Он без особой радости кивнул и глубоко затянулся.
Я достал из портфеля карту и термос. Развернул карту, показал ему.
— Вот этот юрт?
— Погляжу, — он долго рассматривал карту, крутил туда-сюда, тяжко вздыхал и скрёб затылок. — Никогда такой не видел. У нас всё рисованное. Нет названий?
— Нет, в этой части только точки и ниточки караванных путей, там даже дорог нет.
— Конечно, дорог нет, кто бы их ещё построил. А мы сами где на этой карте?
— Вот здесь.
— Ага, ну да, вот тут горы, а тут река. Так, они, получается, вот тут стоят.

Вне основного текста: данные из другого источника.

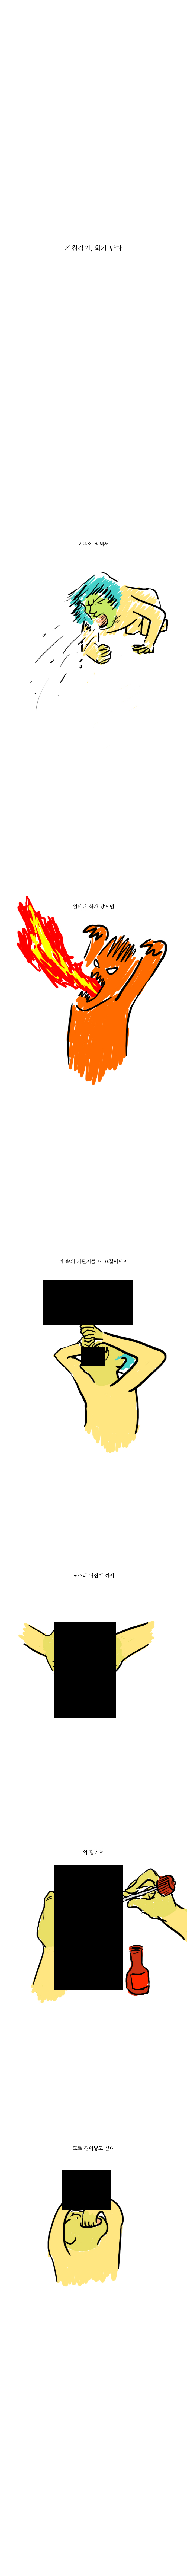 17-6 '기침감기, 화가 난다'

Я поставил карандашную отметку. Отложил карту, налил ему китайского чая, которым меня наделил Танлу-Же, бодрящего, с женьшенем.
Теперь Архай восседал на неровной поверхности, устланной шкурами, на спинке этого псевдокресла висит подаренная мной кираса, в одной руке кубинская терпкая сигарета, другая крепко держит крышку-чашку с китайским чаем.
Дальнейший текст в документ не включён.